Below is a listing. Set down exactly the lines from the one containing "見ました優しい弱いMKLOS 通気性 圧縮ソックス" through the one containing "Golden Gate Bridge - No. 2", both ends included, and leave out the rest.

ENTRIES SUPPLIED START

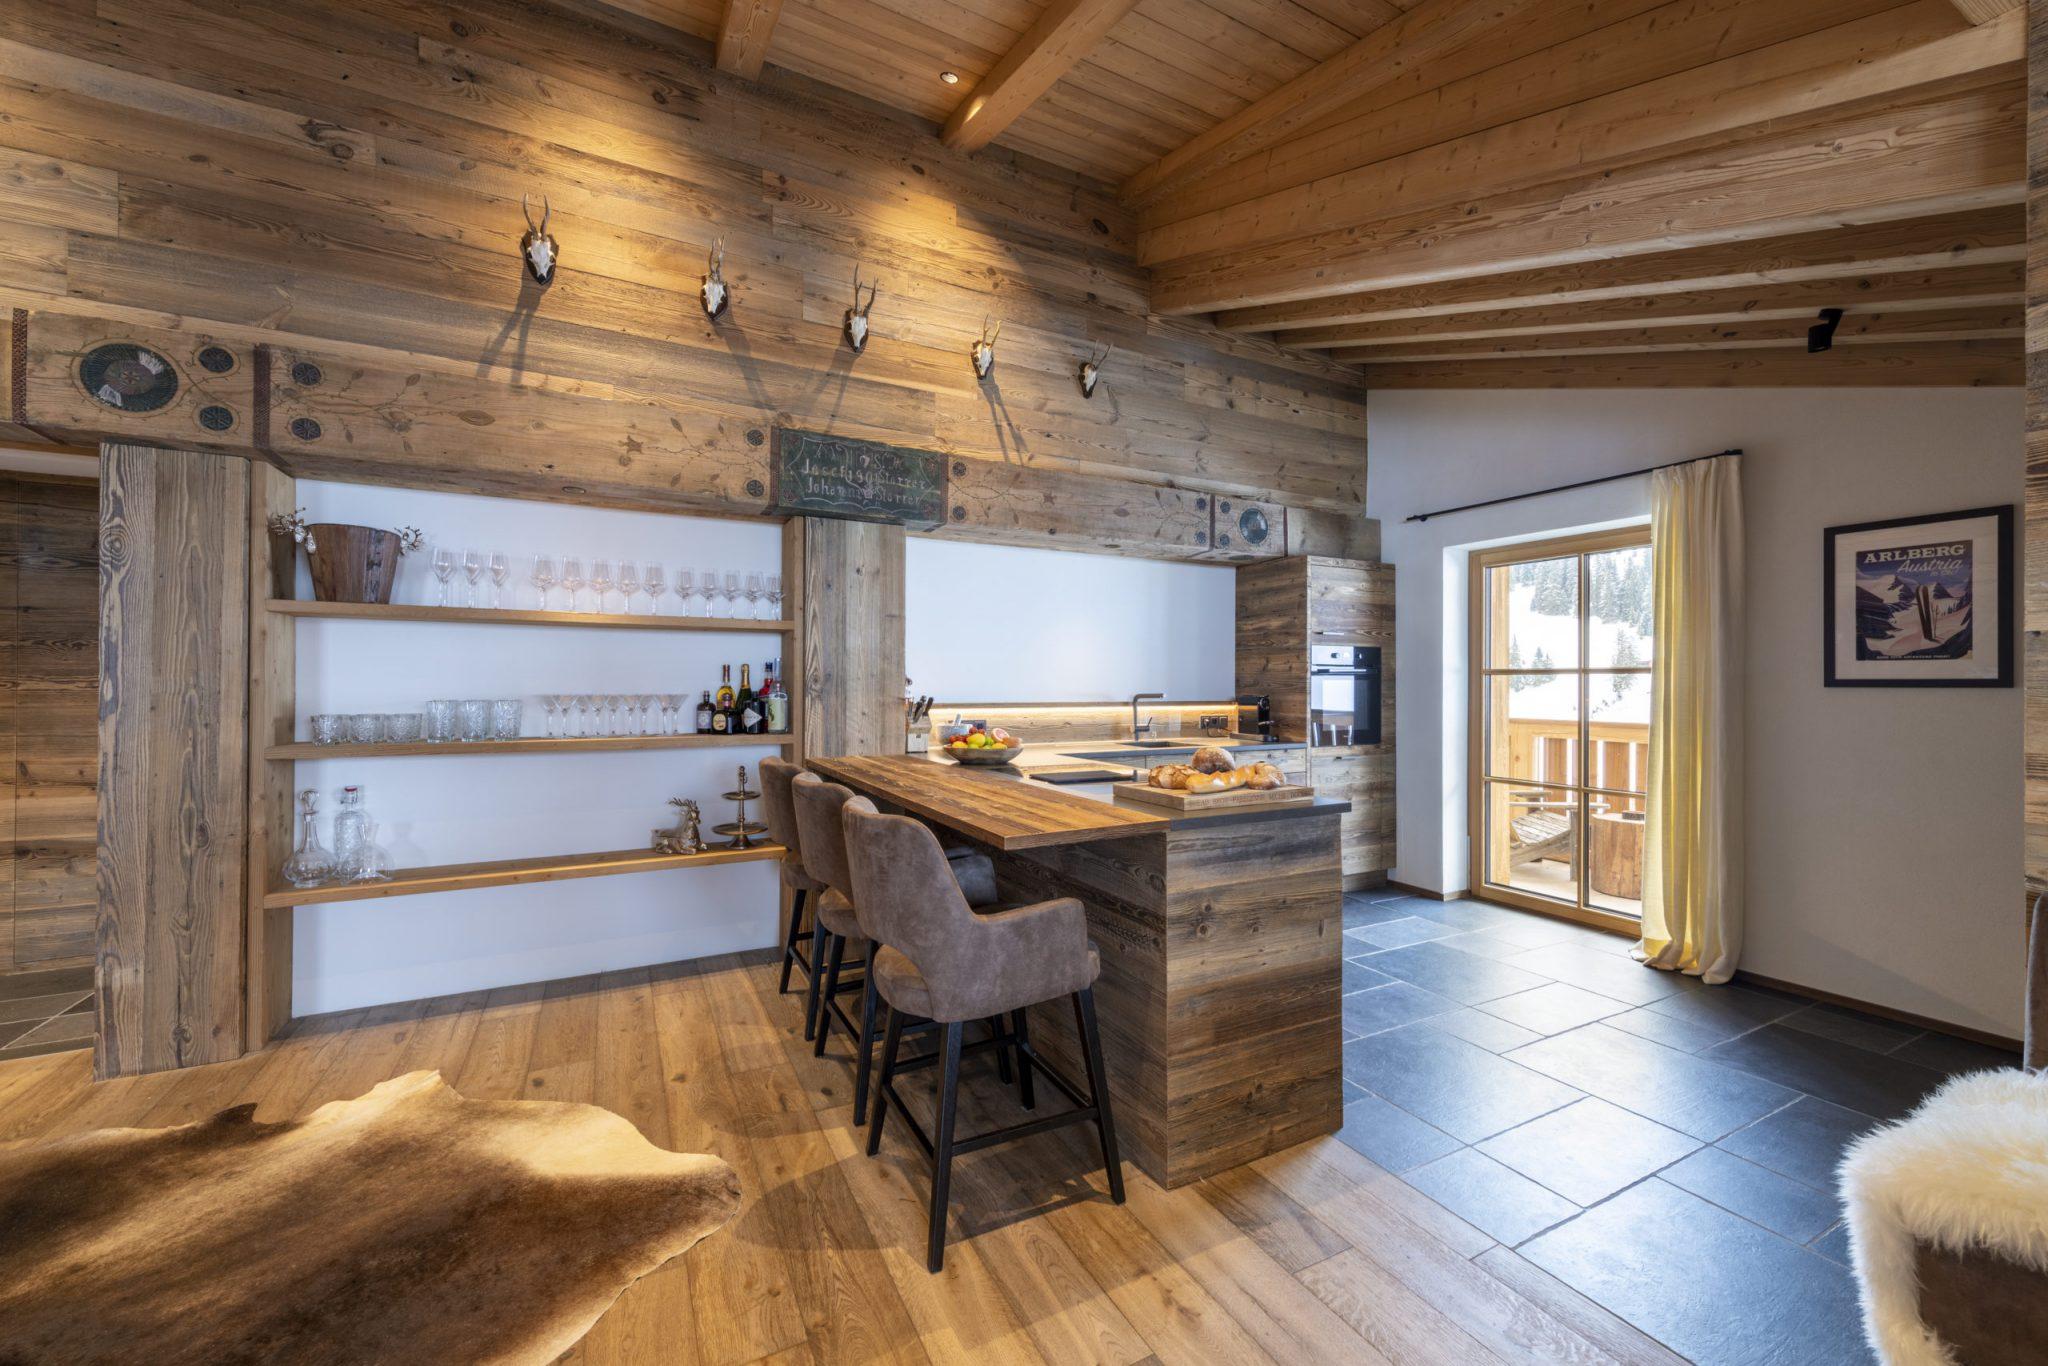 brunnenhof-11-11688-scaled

ENTRIES SUPPLIED END
ENTRIES SUPPLIED START

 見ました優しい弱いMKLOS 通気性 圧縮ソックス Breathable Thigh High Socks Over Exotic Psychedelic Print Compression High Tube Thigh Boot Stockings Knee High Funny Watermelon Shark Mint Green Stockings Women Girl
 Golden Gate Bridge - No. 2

ENTRIES SUPPLIED END
ENTRIES SUPPLIED START

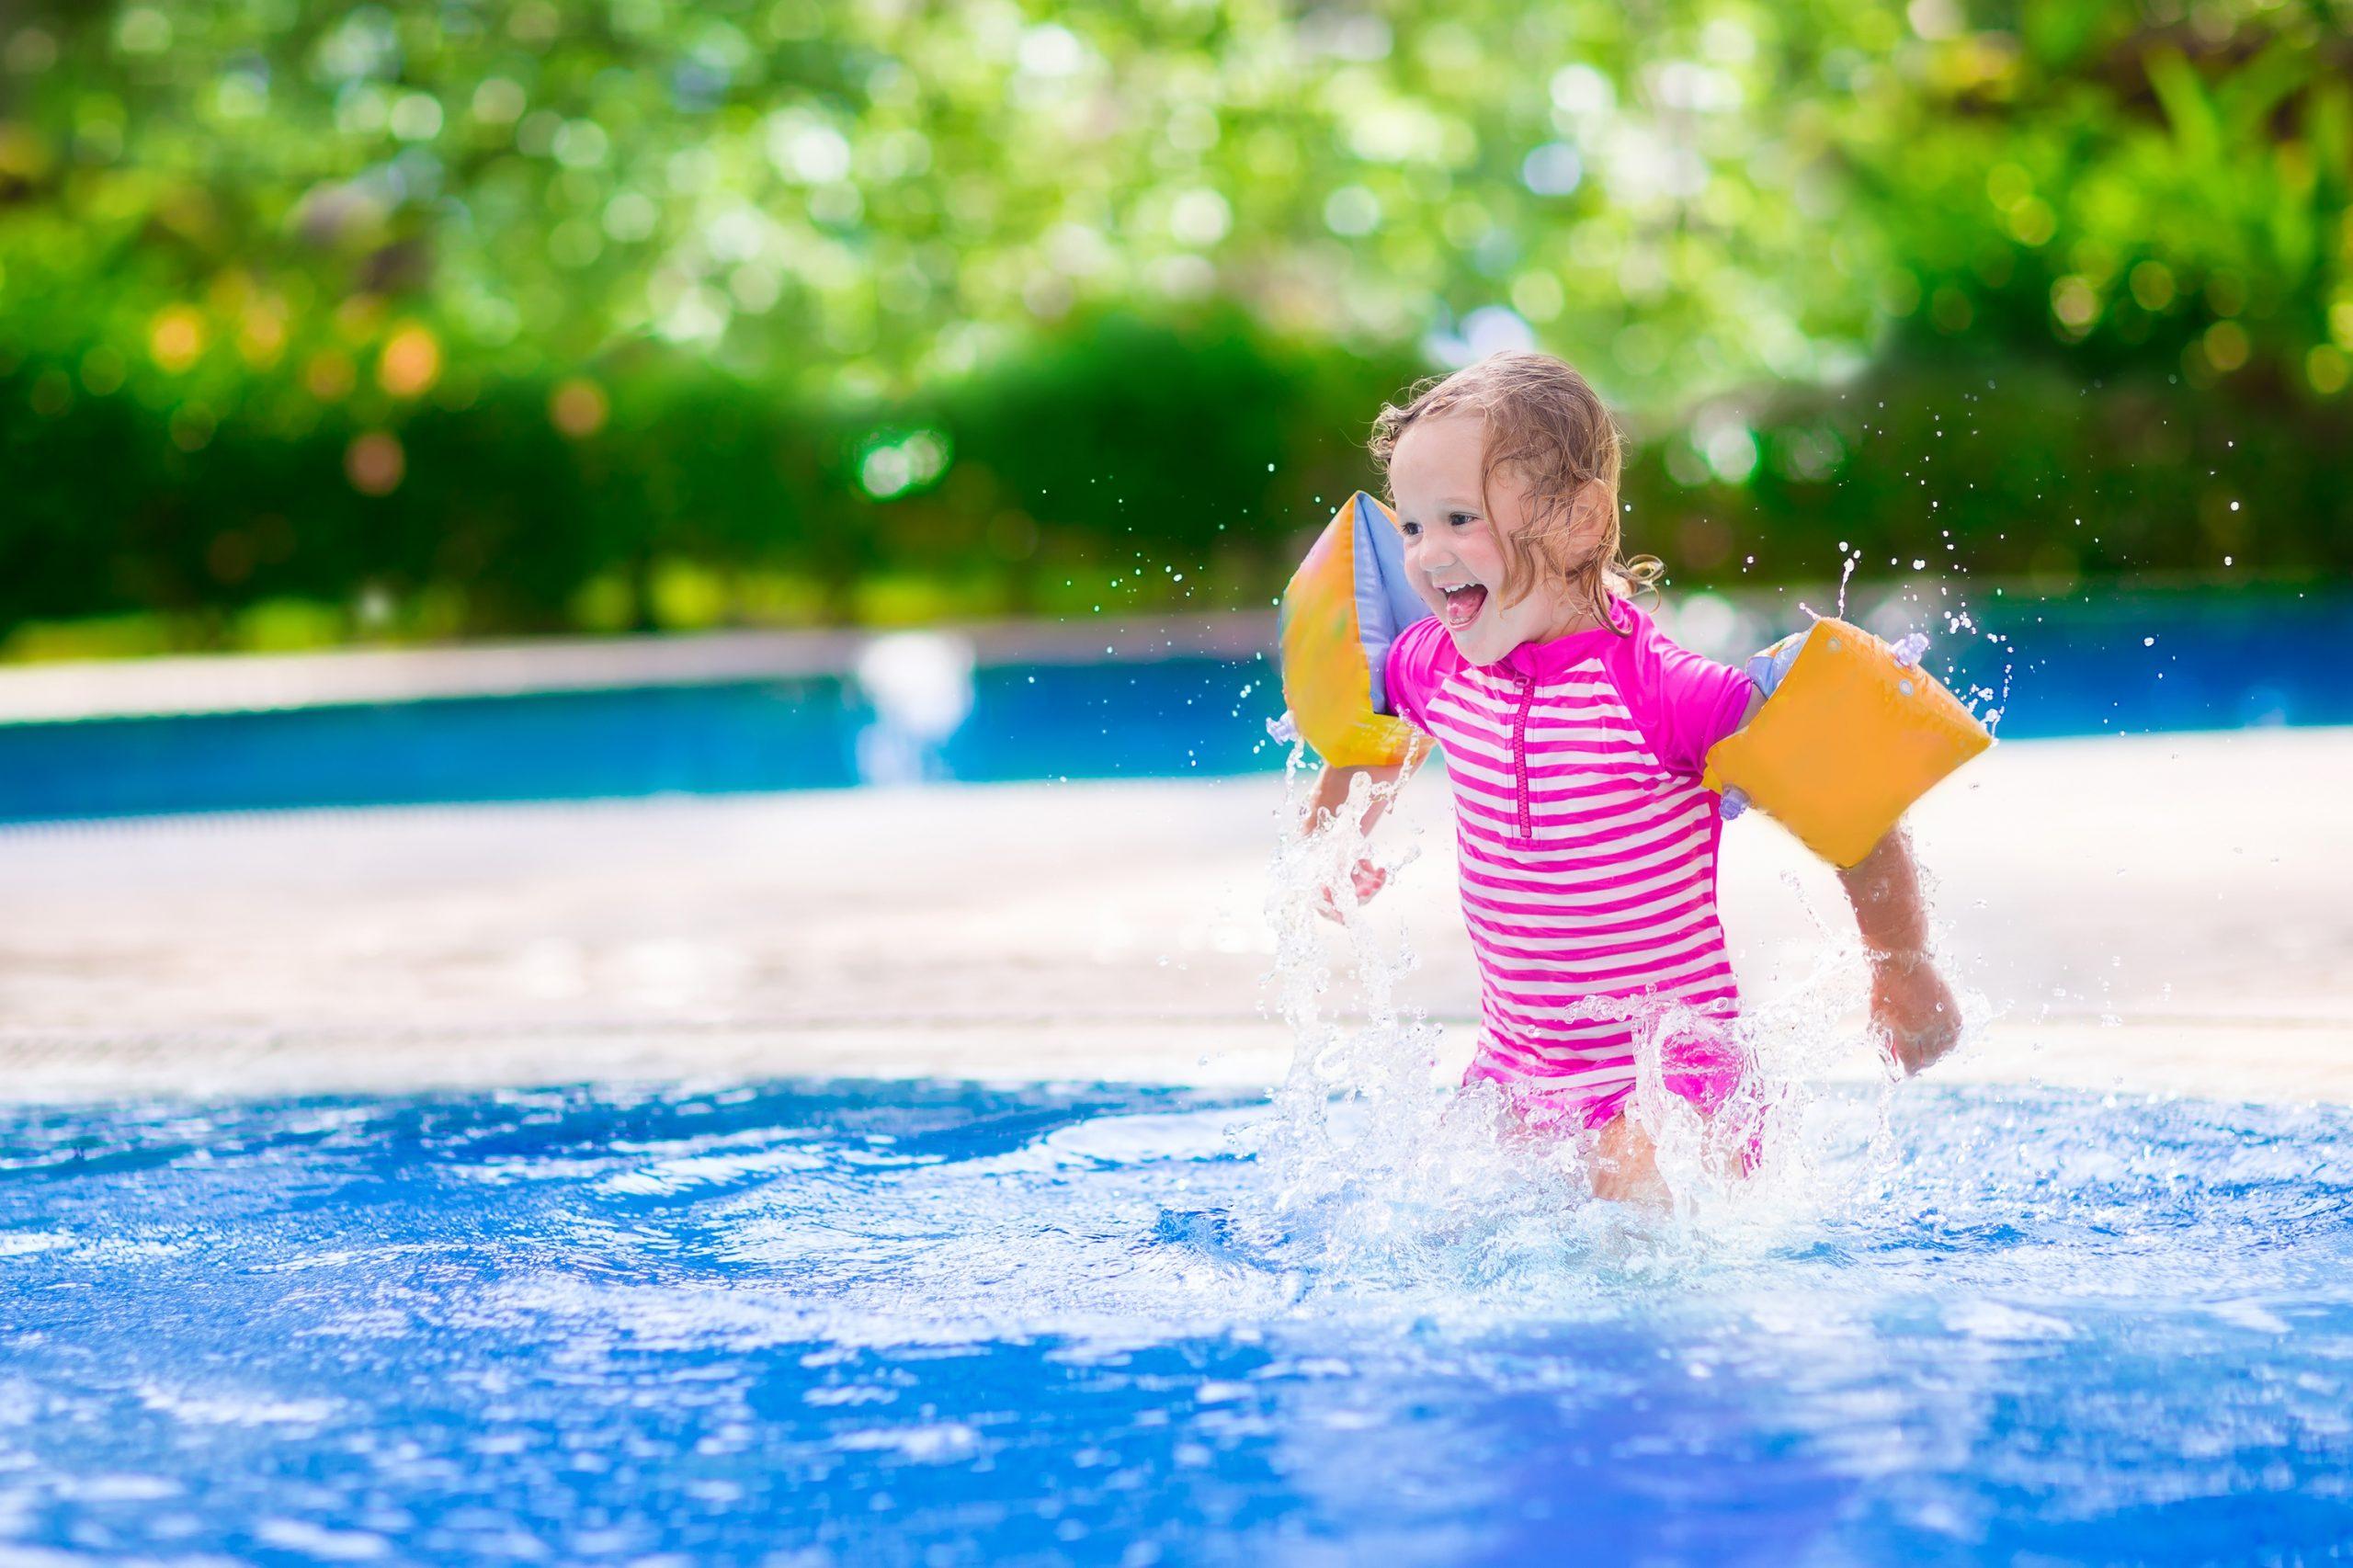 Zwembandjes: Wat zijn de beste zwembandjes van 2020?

ENTRIES SUPPLIED END

## WRITTEN SOLUTION
 見ました優しい弱いMKLOS 通気性 圧縮ソックス Breathable Thigh High Socks Over Exotic Psychedelic Print Compression High Tube Thigh Boot Stockings Knee High Funny Watermelon Shark Mint Green Stockings Women Girl
 Golden Gate Bridge - No. 2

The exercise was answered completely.